Однако есть сообщения, что и сам новый патч вызывает проблемы на некоторых серверах. Компания SecurityFocus утверждает, что после его установки некоторые функции модуля IIS SiteServer, обеспечивающего аутентификацию пользователей и персональную настройку веб-сайта, перестают работать как следует. «Аутентификация SiteServer становится ненадежной, — говорит директор по инжинирингу SecurityFocus Оливер Фридрихс (Oliver Friedrichs). — Об этой проблеме уже известно. Те, кто звонит в Microsoft, получают специальную дополнительную поправку». Представители Microsoft пока не смогли подтвердить наличие проблем, связанных с только что выпущенным патчем.
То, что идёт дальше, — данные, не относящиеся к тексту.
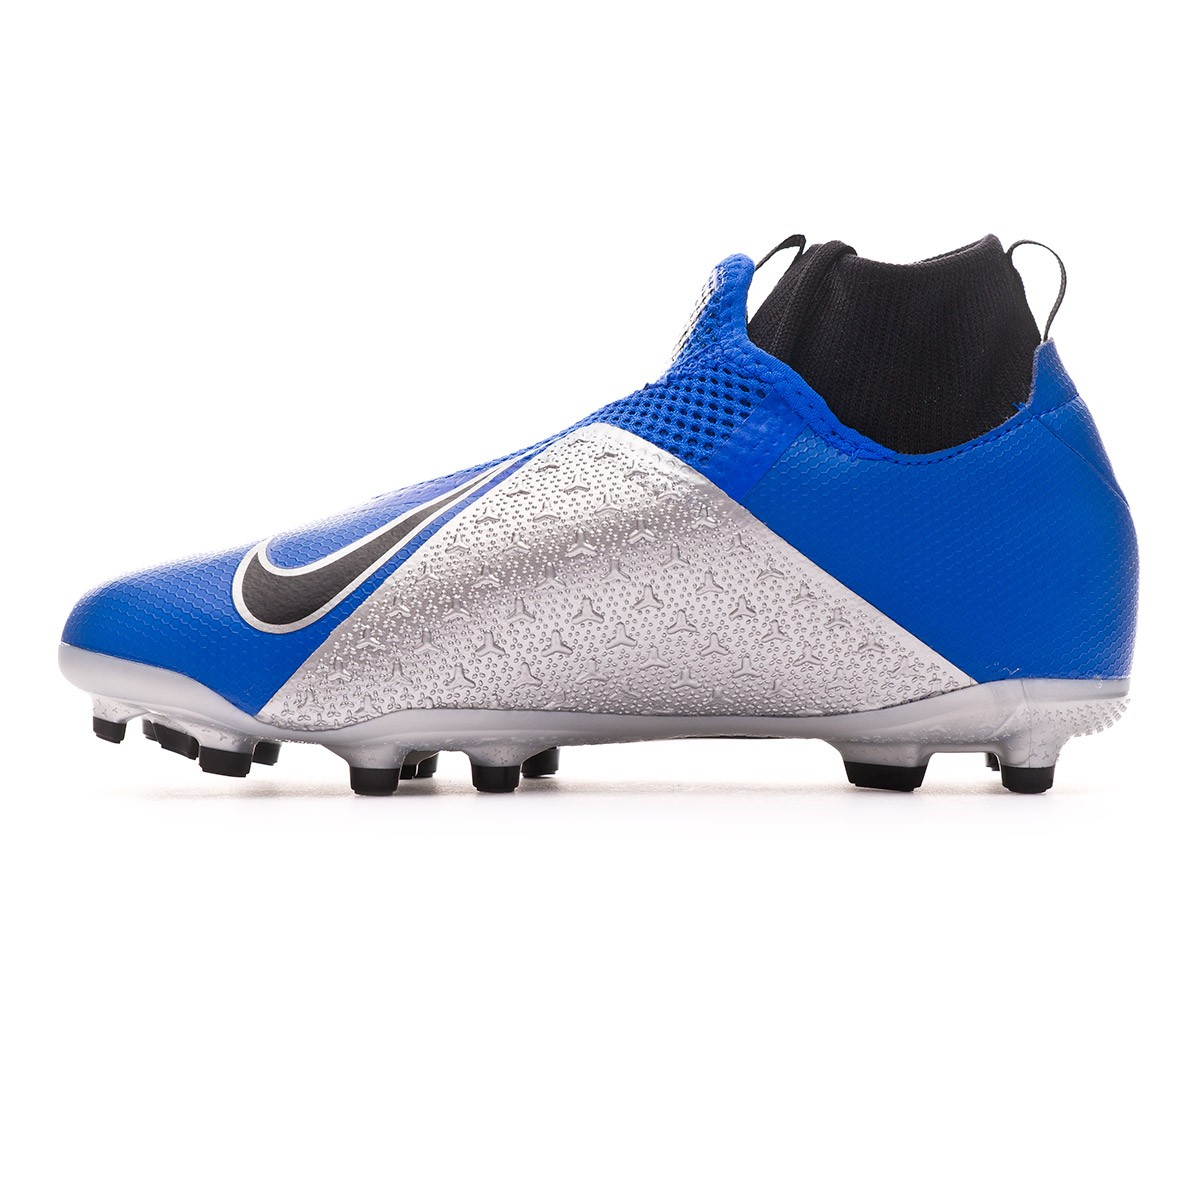 ca18b6b3609 Bota de fútbol Nike Phantom Vision Academy DF FG/MG Niño Racer blue-Black -  Tienda de fútbol Fútbol Emotion

Такие проблемы редко, но случаются.

Несмотря на вновь выявленные ошибки, которые напомнили о прошлых проблемах безопасности ПО Microsoft, значительные усилия по предупреждению об этих ошибках всех заказчиков и тот факт, что две из них были обнаружены самими инженерами компании, сигнализируют о гораздо более серьезном, чем раньше, отношении Microsoft к вопросам безопасности. Так считает Марк Мэйфрет (Marc Maiffret), главный специалист компании eEye Digital Security, которая специализируется на защите сетей. Это одна из тех компаний, которым Microsoft выразила признательность за предупреждение о серьезных ошибках. «Я всегда говорил: только когда они сами начнут по-настоящему искать уязвимости и объявлять о них, можно будет утверждать, что они действительно заботятся о безопасности, — комментирует Мэйфрет. — Мне кажется, что данный случай служит наглядным тому подтверждением».
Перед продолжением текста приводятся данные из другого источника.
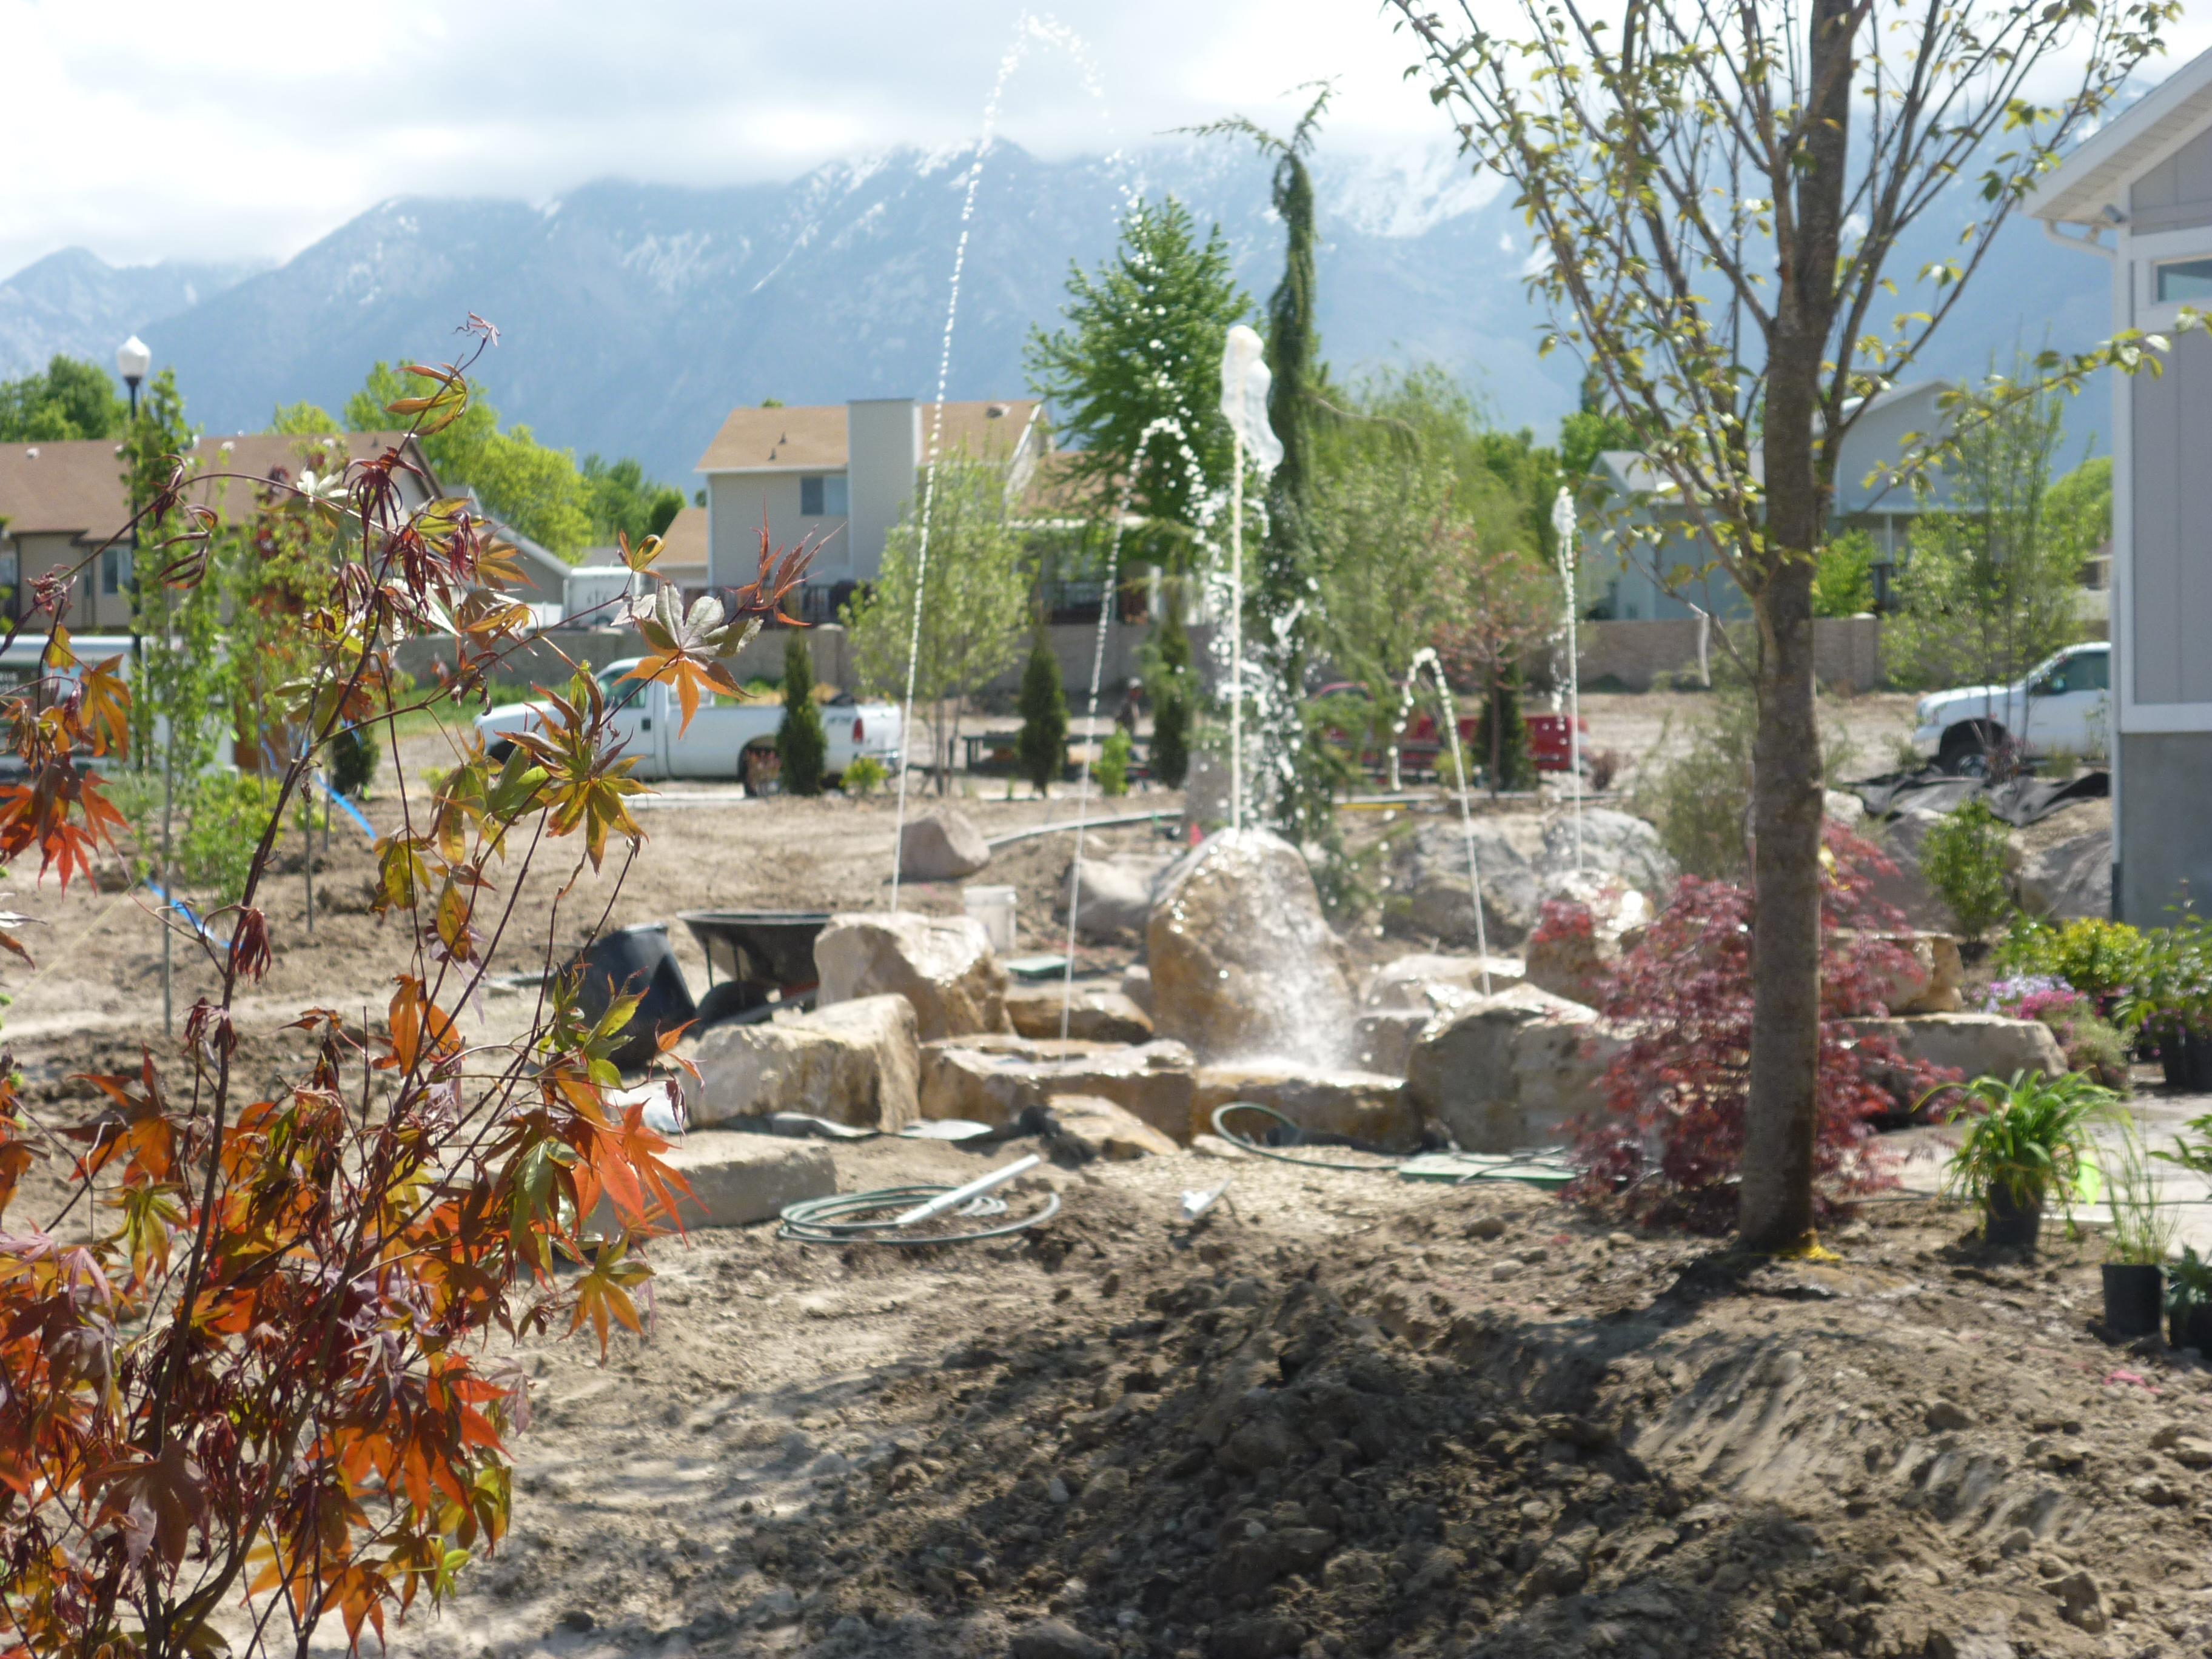 Utah landscaper landscaping the front and backyard for Pool design utah

Кроме публикации своих рекомендаций и рассылки их более чем 300 тыс. подписчиков почтовой рассылки, Microsoft непосредственно связывается с крупными компаниями и со всеми, кто недавно обращался за помощью по программному обеспечению веб-сервера. «На этот раз Microsoft проявила себя с лучшей стороны, — комментирует Мэйфрет. — В этом убедится гораздо более широкая аудитория, чем обычно, и можно надеяться, что патч дойдет до гораздо большего числа людей».
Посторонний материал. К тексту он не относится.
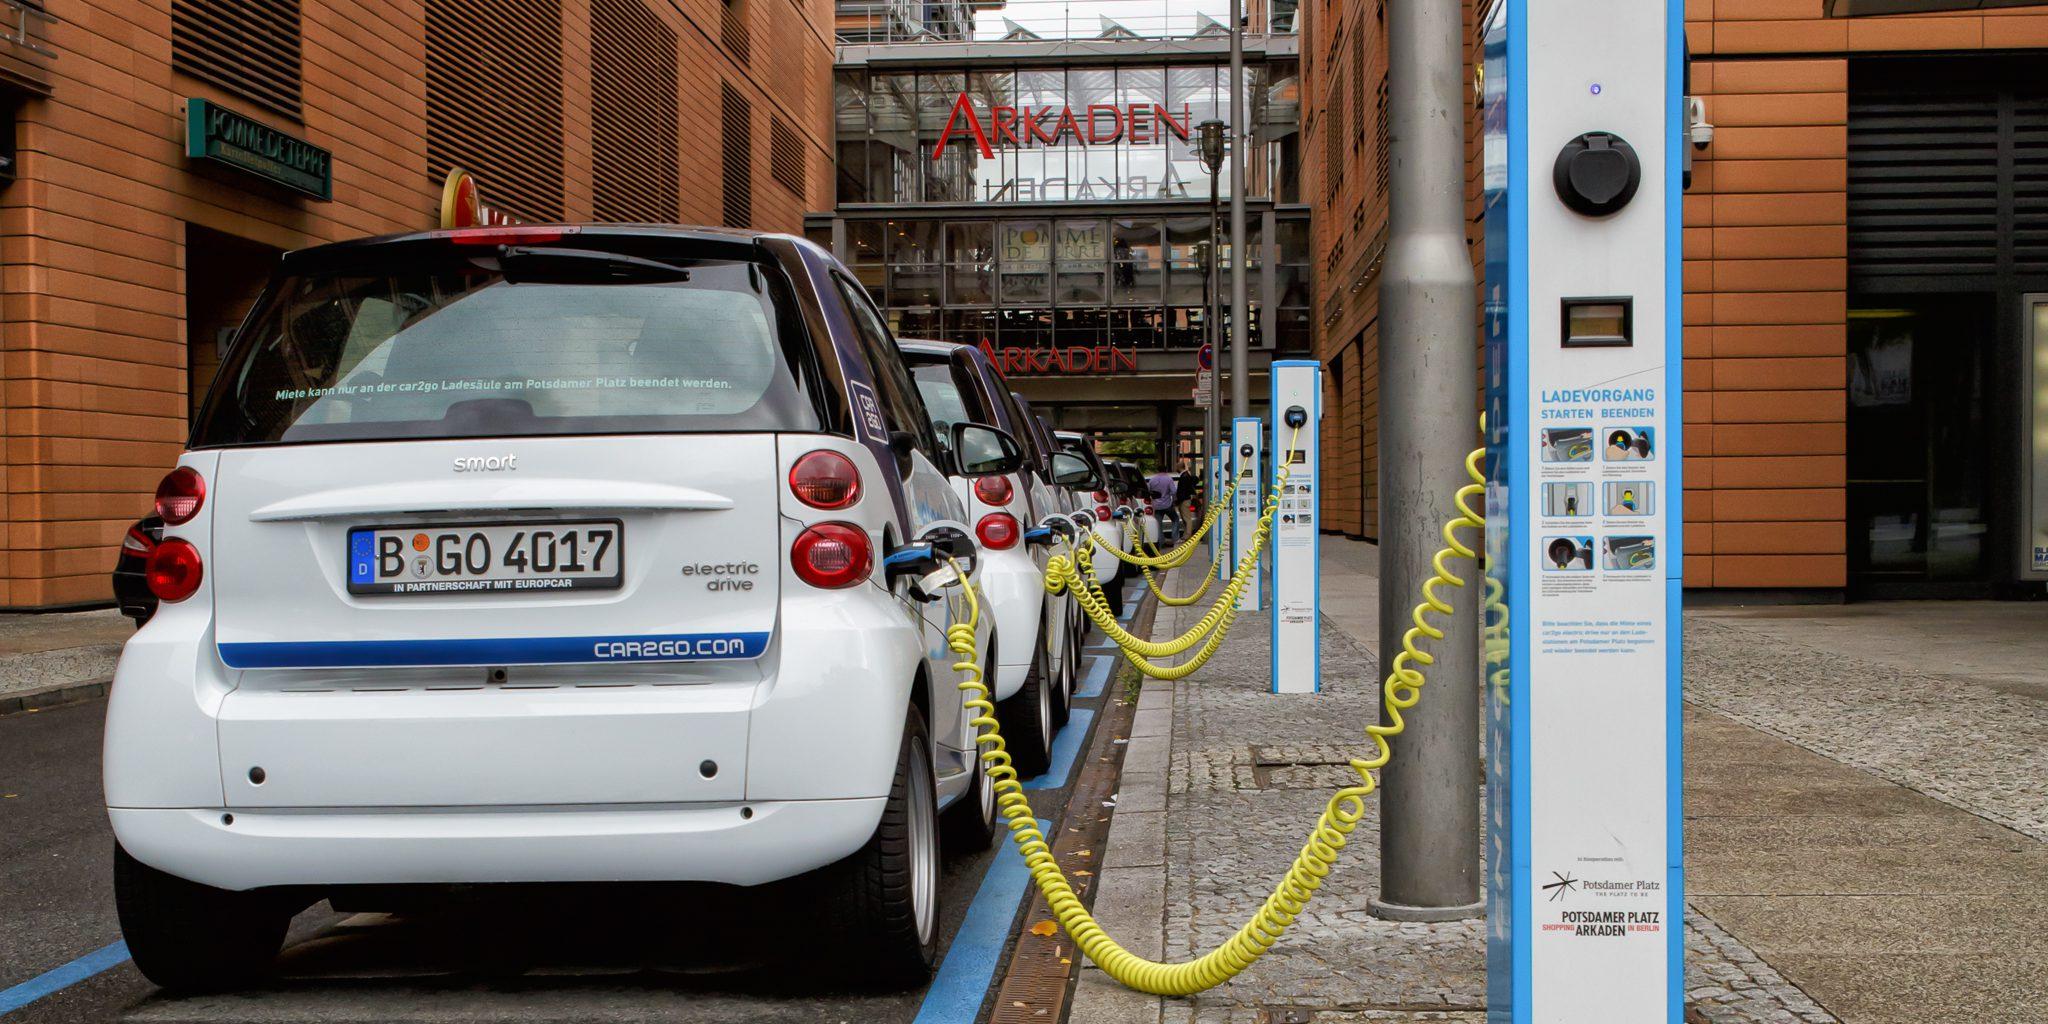 Berlin_-_Potsdamer_Platz_-_E-Mobility-Charging

В январе после обращения Билла Гейтса к сотрудникам компании в Microsoft началась так называемая инициатива Trustworthy Computing. В конце января и начале февраля компания провела 4-часовой семинар по безопасности среди почти 9000 своих разработчиков, продакт-менеджеров и тестеров. После курса обучения группы, отвечающие за каждый из более чем 70 компонентов, составляющих операционную систему Windows, проверили код на возможные проблемы безопасности.

Две проблемы, обнаруженные инженерами компании, были выявлены не в ходе той проверки, однако новый курс на обеспечение безопасности сыграл важную роль, заставив разработчиков серьезнее относиться к потенциально проблематичному коду, отметил Калп из Microsoft. «Мероприятия по повышению безопасности еще не окончены, и я не могу утверждать, что данный патч — прямой результат этих мероприятий, — говорит он. — Но факт остается фактом: узнав об этих уязвимостях, мы занялись соответствующими участками кода и смогли обнаружить новые проблемы».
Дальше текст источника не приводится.